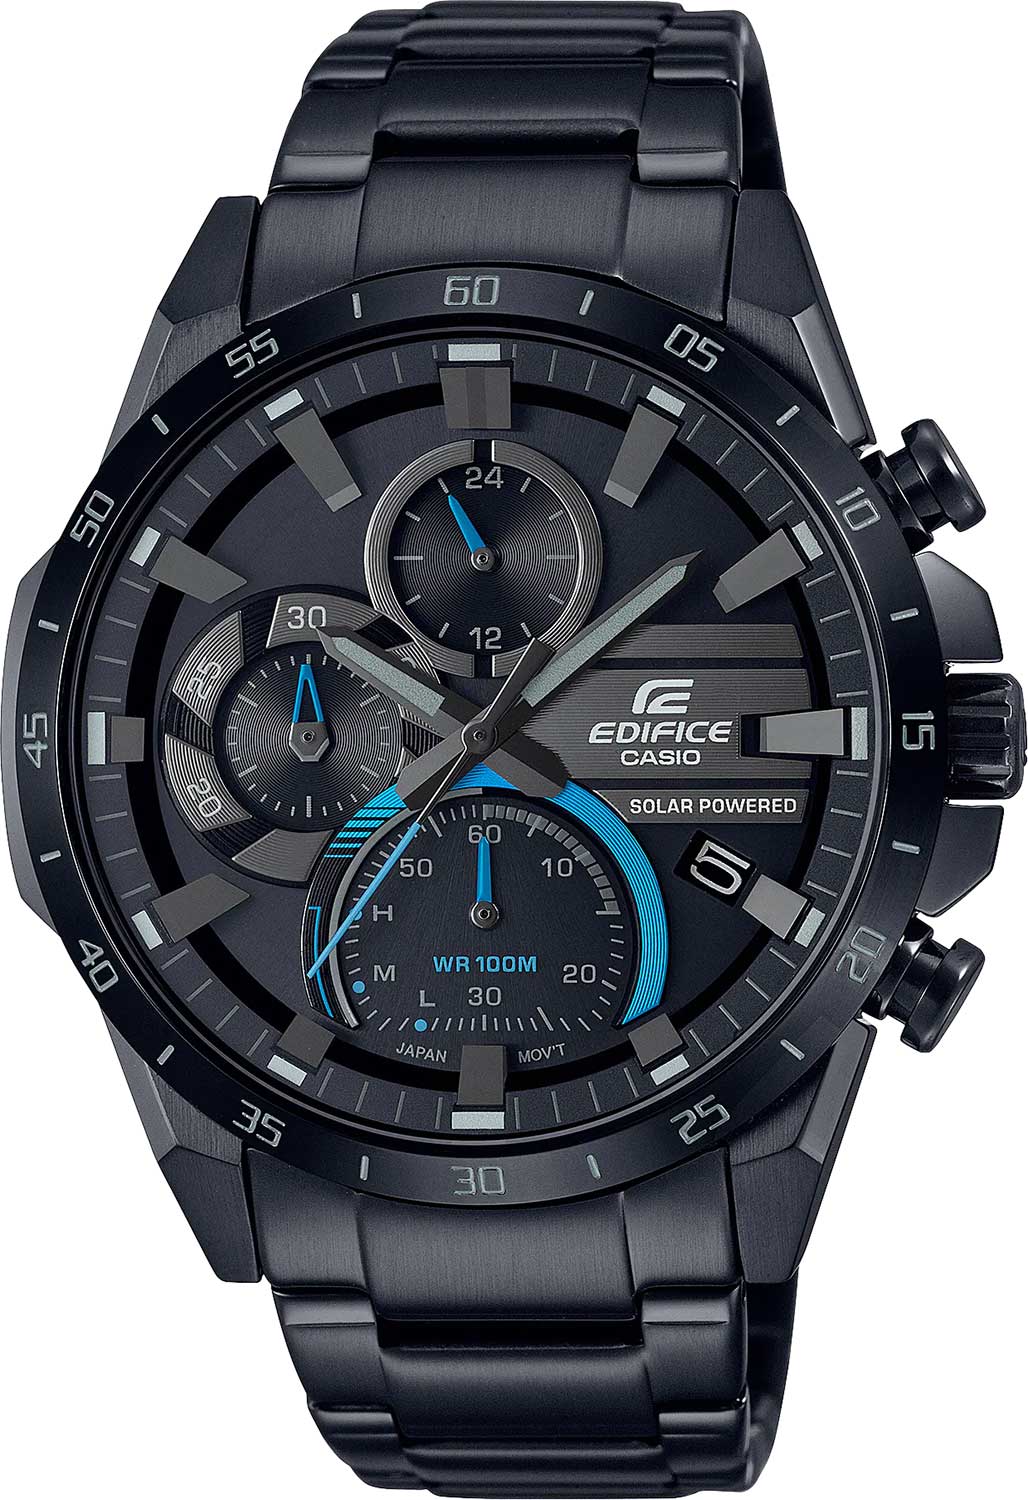 Наручные часы Casio Edifice EQS-940DC-1B — купить в интернет-магазине AllTime.ru по лучшей цене, отзывы, фото, характеристики, инструкция, описание
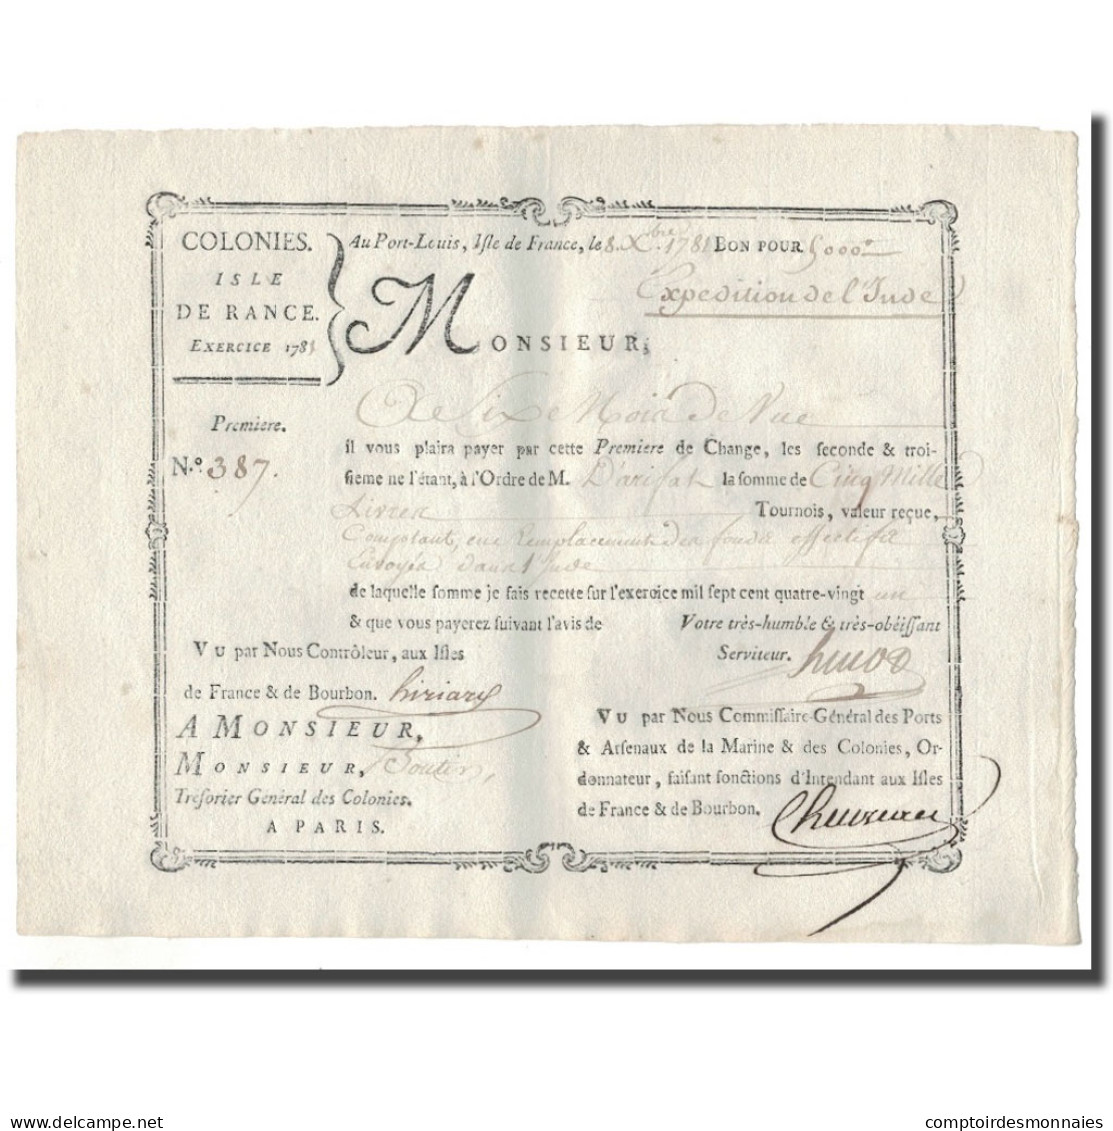 France, Traite, Colonies, Isle De France, 5000 Livres, Expédition De L'Inde - ...-1889 Anciens Francs Circulés Au XIXème
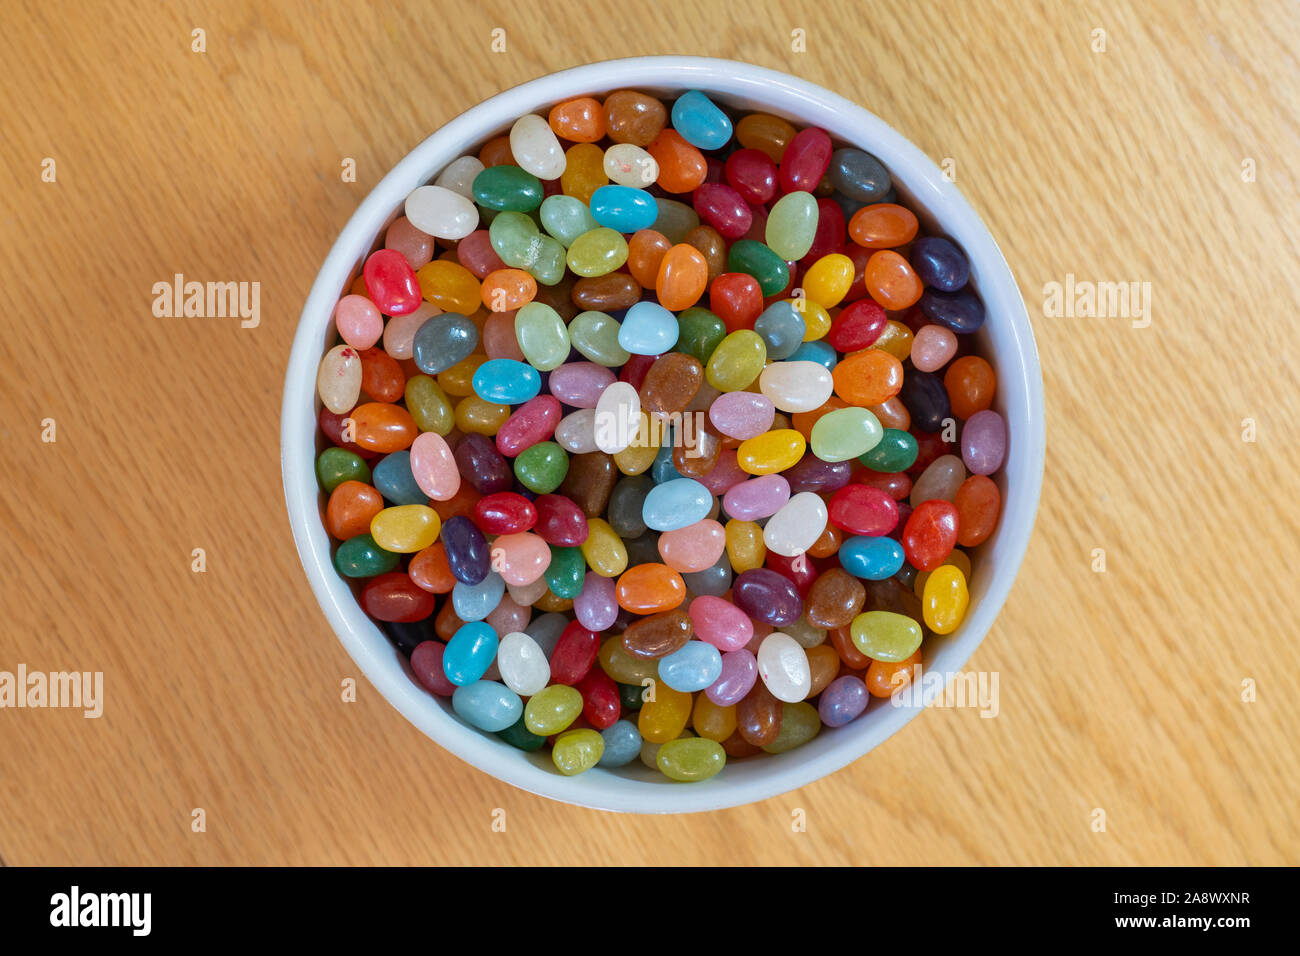 Ein Sortiment von bunten Jelly Beans in einer weißen Schüssel - Süßigkeiten oder Süßigkeiten Stockfoto
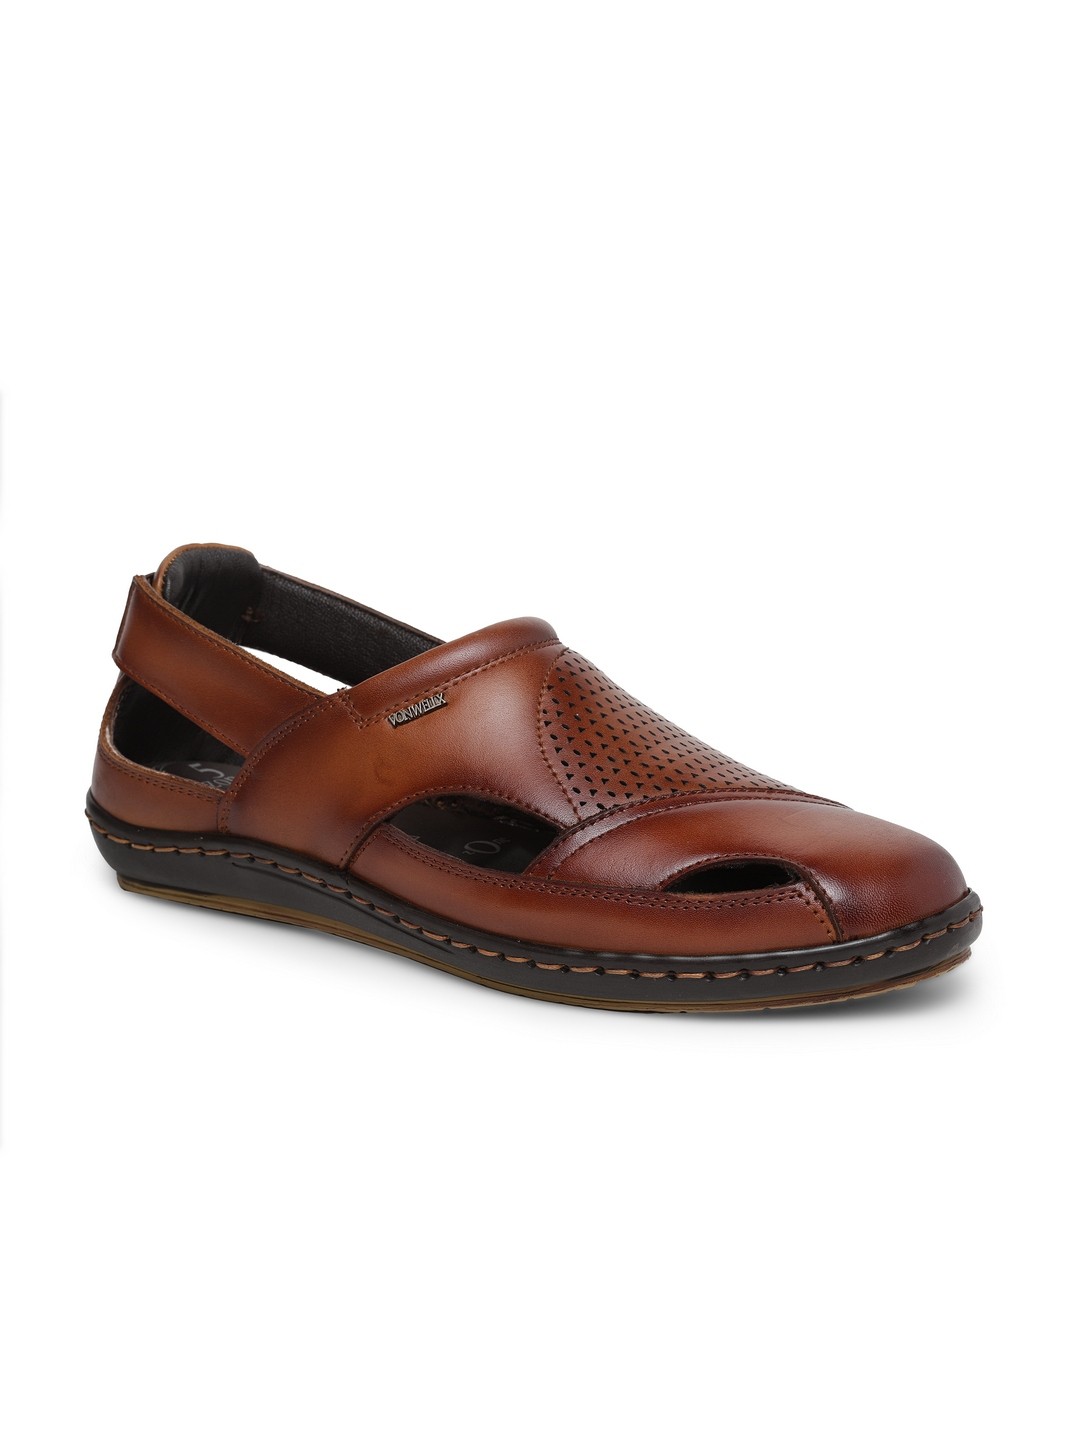 Buy Von Wellx Germany Comfort Men's Tan Sandal Eddie Online in Rajkot
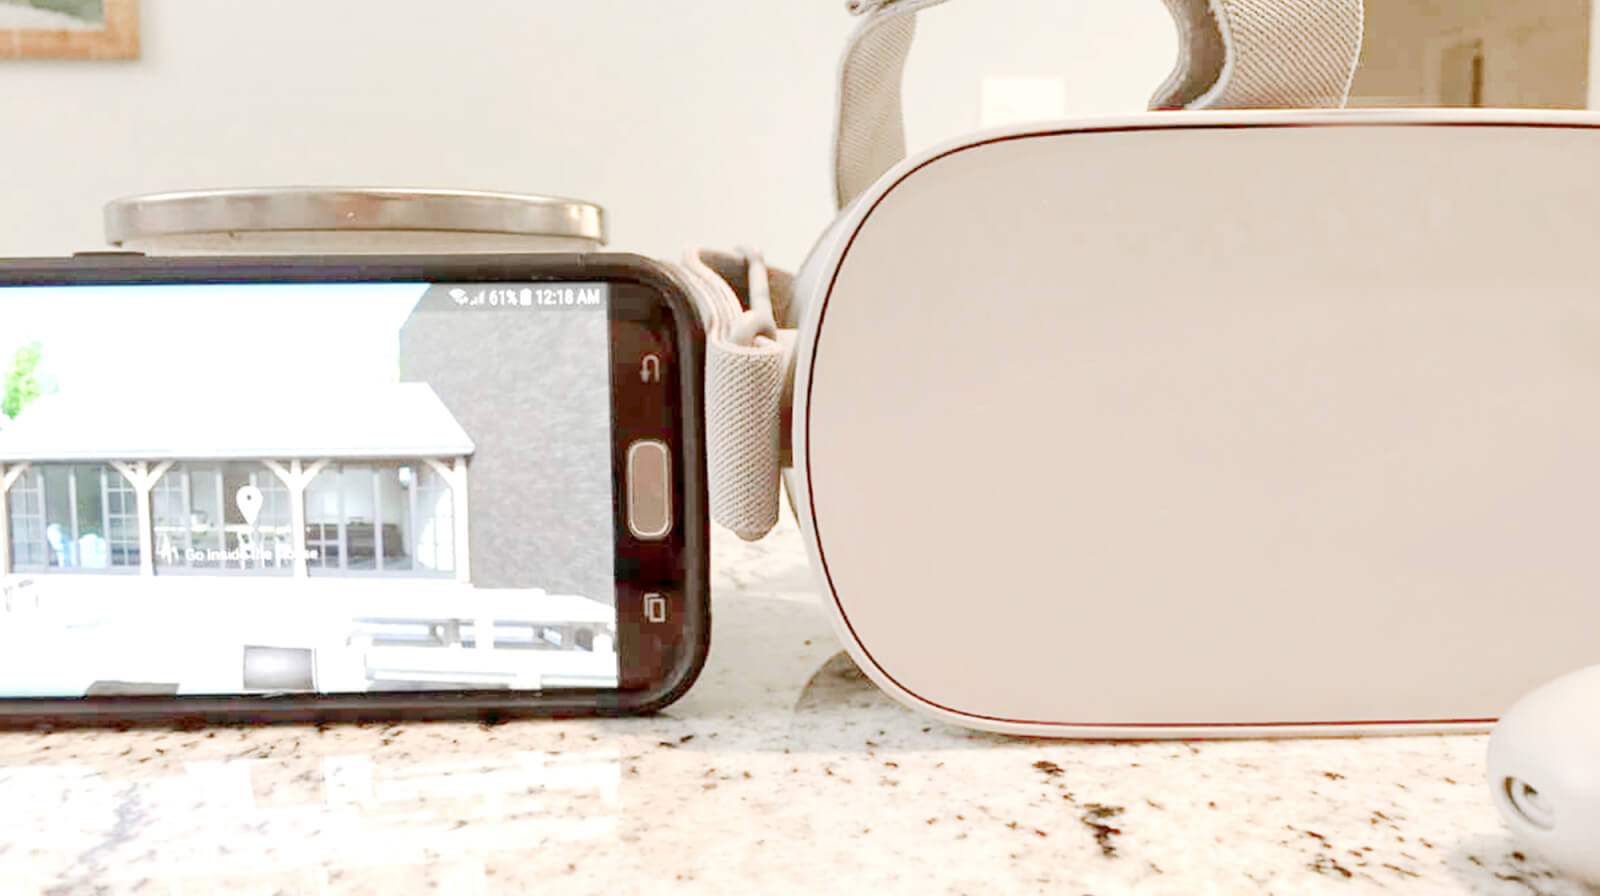 oculus go smartphone

------------------------------------------------

Set down the line containing "Buy Von Wellx" and every line after it up to the end of the material, exactly as written, but not the pictures.

 Buy Von Wellx Germany Comfort Men's Tan Sandal Eddie Online in Rajkot
 oculus go smartphone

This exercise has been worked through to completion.